• **SUPPLIED MATERIAL**:
☆ ☆ ☆ ☆

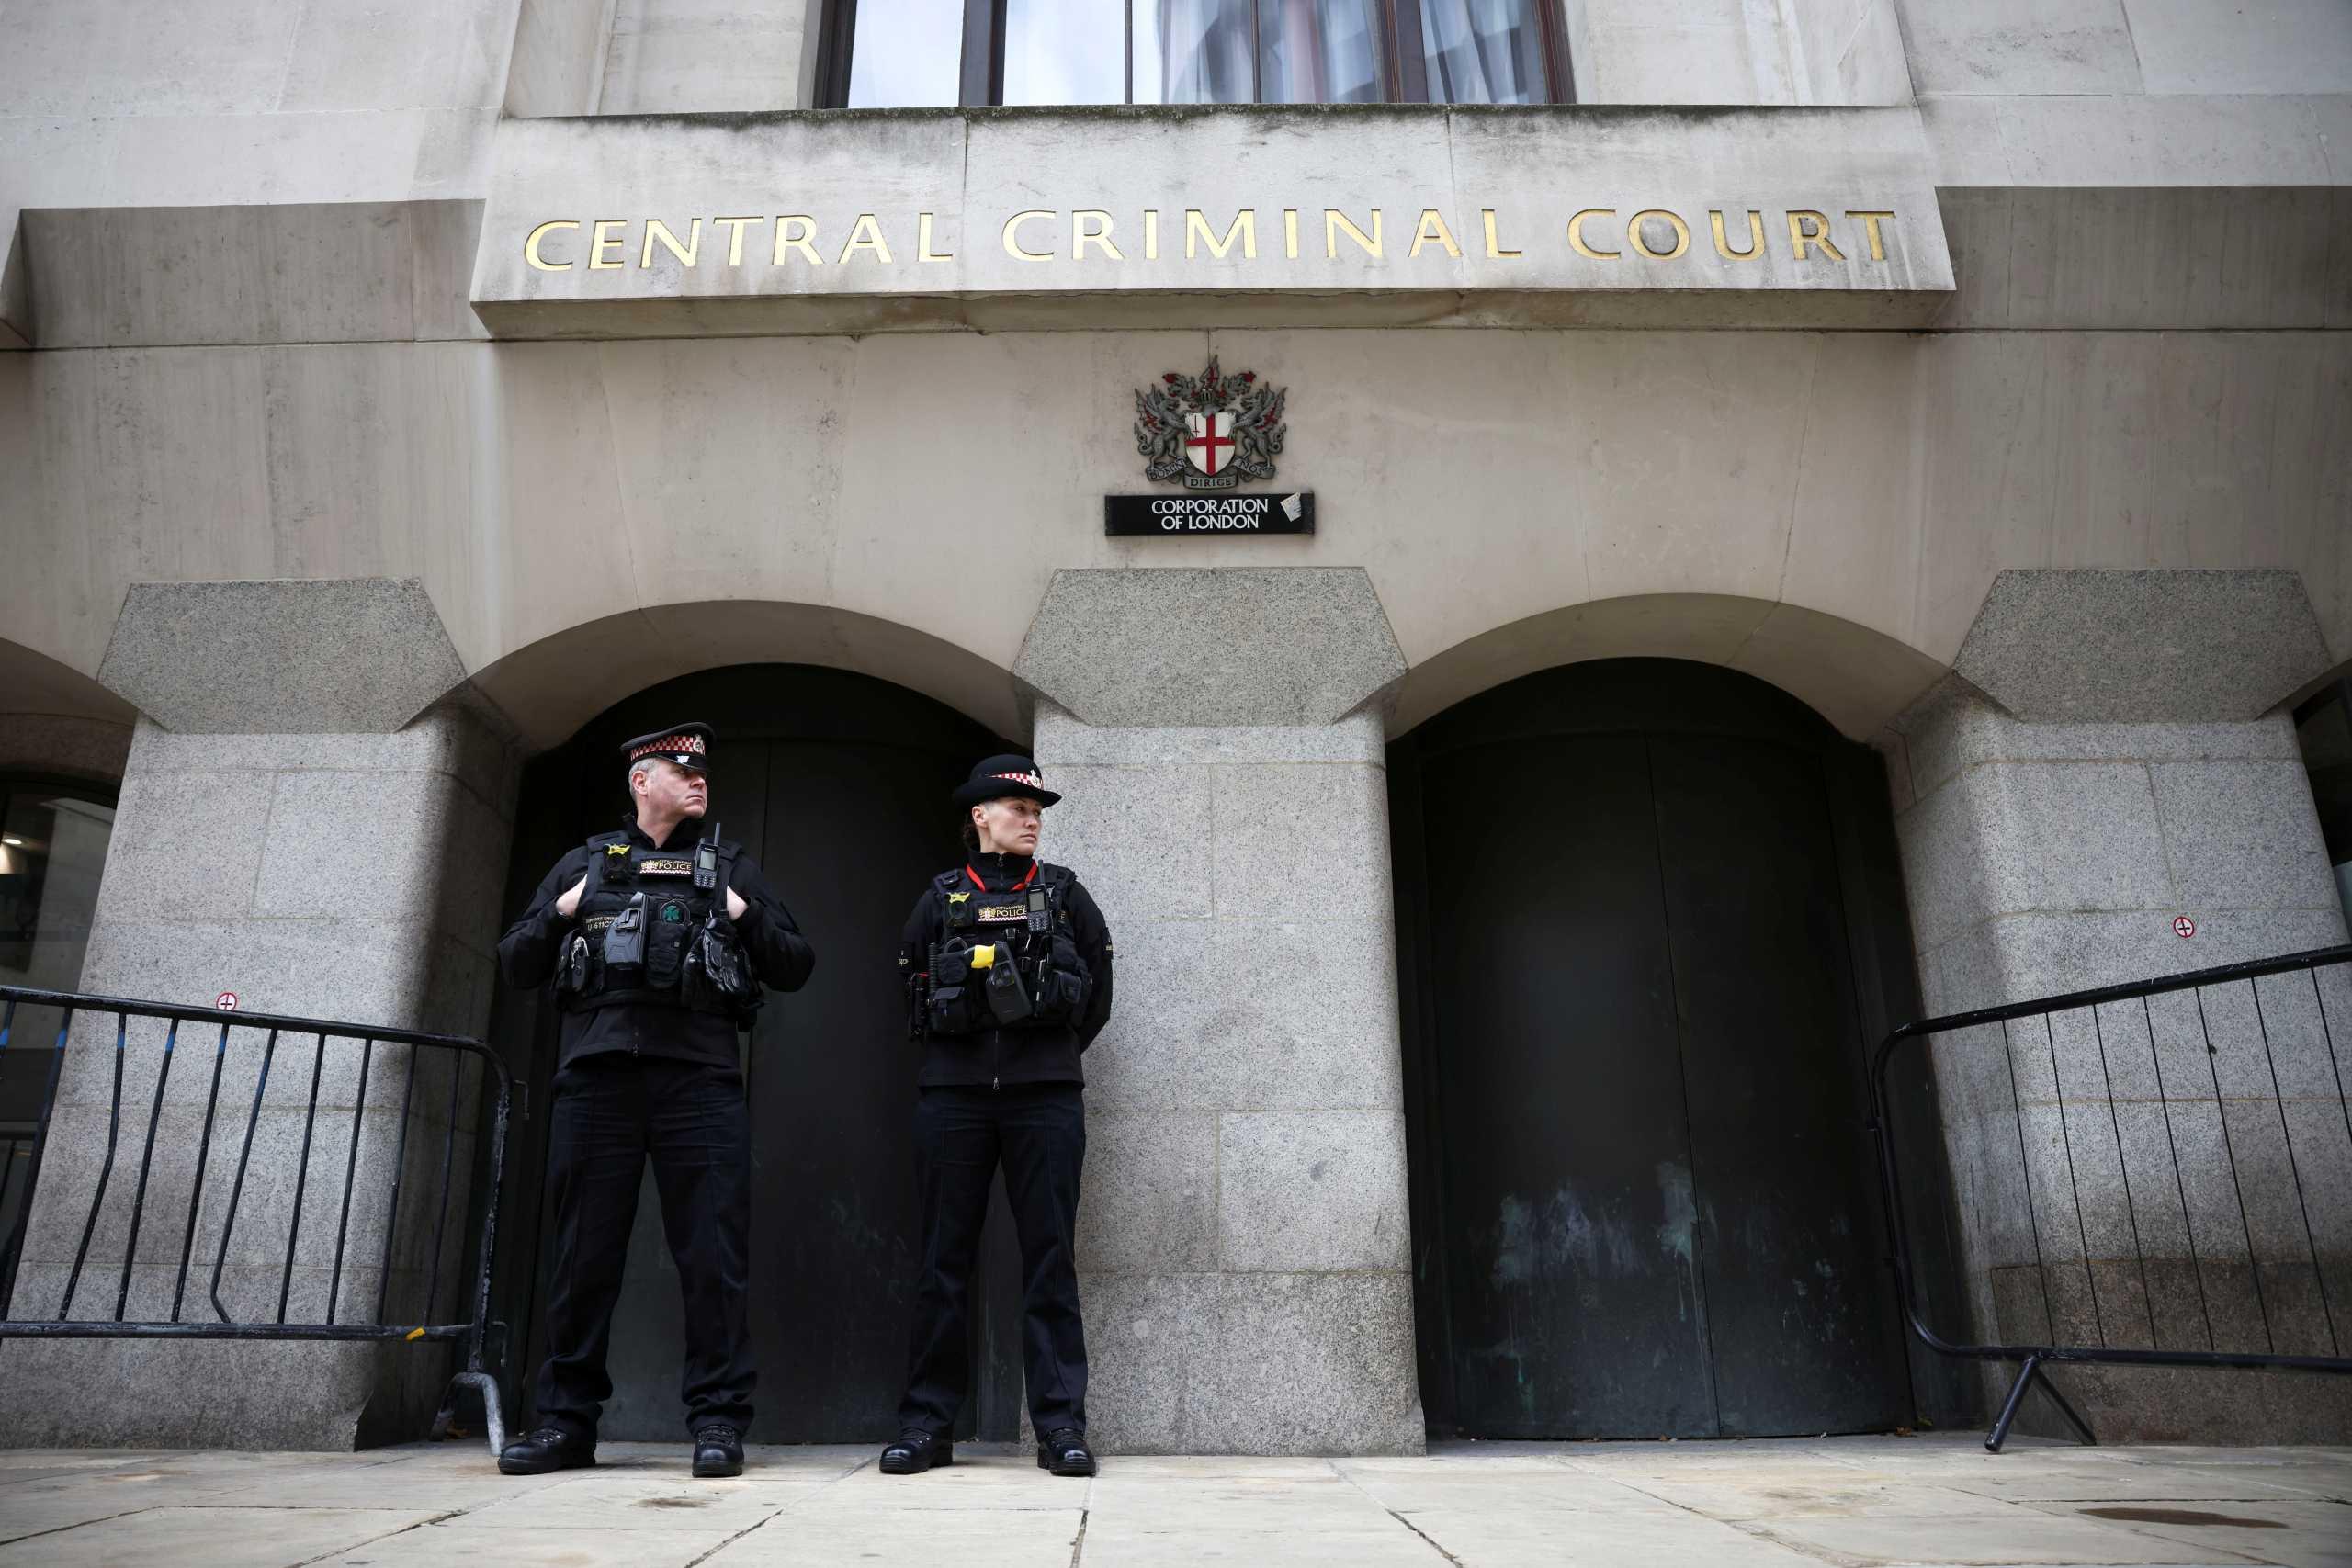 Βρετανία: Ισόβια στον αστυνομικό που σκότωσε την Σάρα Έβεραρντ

☆ ☆ ☆ ☆

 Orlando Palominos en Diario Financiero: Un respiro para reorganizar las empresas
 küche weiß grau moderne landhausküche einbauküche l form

☆ ☆ ☆ ☆

• **GOAL OF THE EXERCISE**: Would you copy out exactly the lines above that start at the one containing "Orlando Palominos en" and end at the one containing "küche weiß grau", inclusive?

• **ANSWER TO THE PROBLEM**:
 Orlando Palominos en Diario Financiero: Un respiro para reorganizar las empresas
 küche weiß grau moderne landhausküche einbauküche l form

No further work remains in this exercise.